Tornado hits close to home for 'Rocket City Rednecks'
Cast members of popular National Geographic Channel show want to show viewers how to build an affordable tornado shelter using 'hillbilly ingenuity.'
Tue, Nov 15, 2011 at 04:25 PM
A REAL ENGINEERING CHALLENGE: Three cast members of 'Rocket City Rednecks' survey damage created by an April tornado in Huntsville, Ala. (Photo: National Geographic Channel)
TALLADEGA, Ala. — For the stars of the National Geographic Channel's "Rocket City Rednecks," Wednesday night's episode is personal.
During the April 2011 Super Outbreak, an EF-5 tornado tore through the cast's hometown of Huntsville, Ala. — also known as Rocket City, USA, the birthplace of the American space program. An EF-5 tornado is the worst of the worst, the most devastating on the Enhanced Fujita tornado damage scale, with winds of more than 200 mph (322 kph). The storm's track passed half of a mile from two of the stars' homes.
"It ripped the porch off my house and threw it through the roof," said the show's ringleader, Travis Taylor.
None of the cast members were hurt during the storm, but more than 300 people died during the deadly Dixie Alley outbreak, which lasted from April 25 to 28, adding to one of the deadliest tornado seasons in history.
OurAmazingPlanet caught up with the cast here at the Talladega Superspeedway during the taping of the show's season finale. In between takes, and when the deafening pack of stock cars were at the opposite end of the 2.66-mile (4.28 kilometers) track, the stars talked about their tour through one neighborhood in Huntsville that was reduced to rubble.
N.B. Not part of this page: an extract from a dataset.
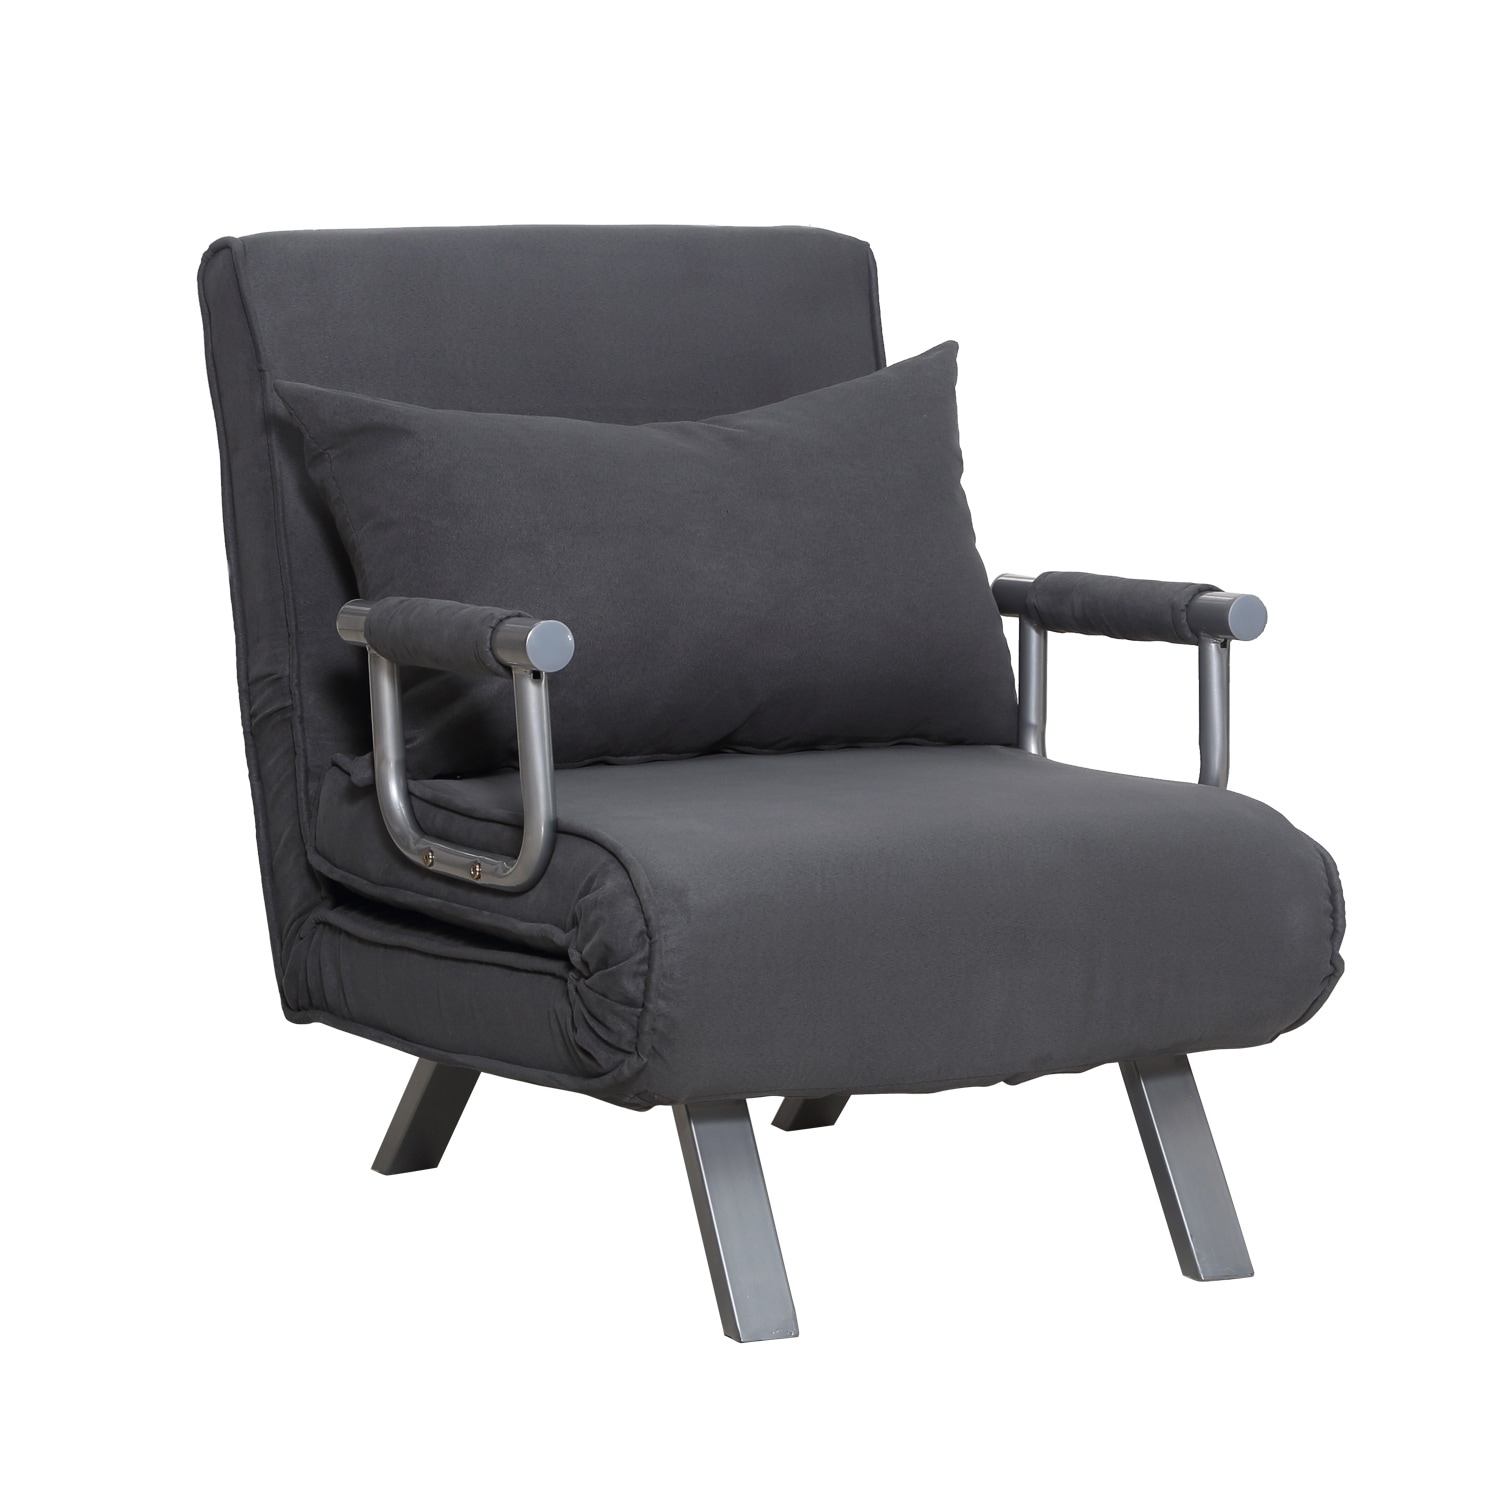 https://ak1.ostkcdn.com/images/products/17967058/HomCom-5-Position-Folding-Sleeper-Chair-ddac6a5b-b045-40bf-96f2-a789215feb1d.jpg

"It was sad as hell going through and seeing everything, because you see kids' toys and stuff," co-star Rog Jones told OurAmazingPlanet.
Even with advanced warnings, many people in Dixie Alley did not have a safe place to hunker down during the storm. That's something the Rednecks hope to change with their self-described "hillbilly ingenuity."
Storm shelter, redneck-style
In Dixie Alley, the southeastern neighbor to the more famous Tornado Alley, where many of the April twisters struck, tornadoes do not need to be big to be deadly. Unlike the flat, grass-covered plains of Tornado Alley, tornadoes are hard to see in Dixie Alley. Trees and hilly terrain obscure funnel clouds, a problem made even worse by the region's high rate of nighttime tornadoes. The region is also home to many manufactured houses and mobile homes that have weak walls and poor or nonexistent foundations, making them more vulnerable to damage and destruction.
In their latest episode, airing Wednesday night on the National Geographic Channel (Nov. 16 at 9 p.m. EDT — check local listings), they show how anyone can build a tornado shelter — a tornado-proof outhouse in this case — for less than $2,000 and with supplies from a local hardware store.
This being the beer-drinking, explosion-loving, Rocket City Rednecks, they weren't content with simply building the thing. They had to try and wreck it. [Behind the Scenes of "Rocket City Rednecks"]
To simulate the debris from an EF-5 tornado, the crew built an air canon and fired wooden missiles at the cement shelter. Their ammo: 8-foot-long (2.4 meters) wooden 2-by-4 planks, shot at speeds of up to 200 mph (322 kph).
"It hit the side of it, and the 2-by-4 just turned into splinters," said co-star Michael Taylor, Travis's nephew.
For the second crash test, the crew tried something a little bigger — a free-falling car dropped from about 50 feet (15 m) in the air.
"Tornadoes don't just take shrapnel and just launch it into your house," said Pete Erbach, Travis's brother-in-law and an optical scientist. "They pick up stuff — take trees from around your house — and drop it on it, so we've got to make sure the structure can withstand a heavy object hitting it."
The outhouse barely budged.
The new episode airs during the middle of the so-called second tornado season, the fall peak in severe weather. Just because the region was hit so hard during the spring doesn't mean that it can't get hit again, the cast said. Now is the time to plan for the worst.
"There's no excuse for people not to have a storm shelter," Taylor said.
This article was reprinted with permission from OurAmazingPlanet.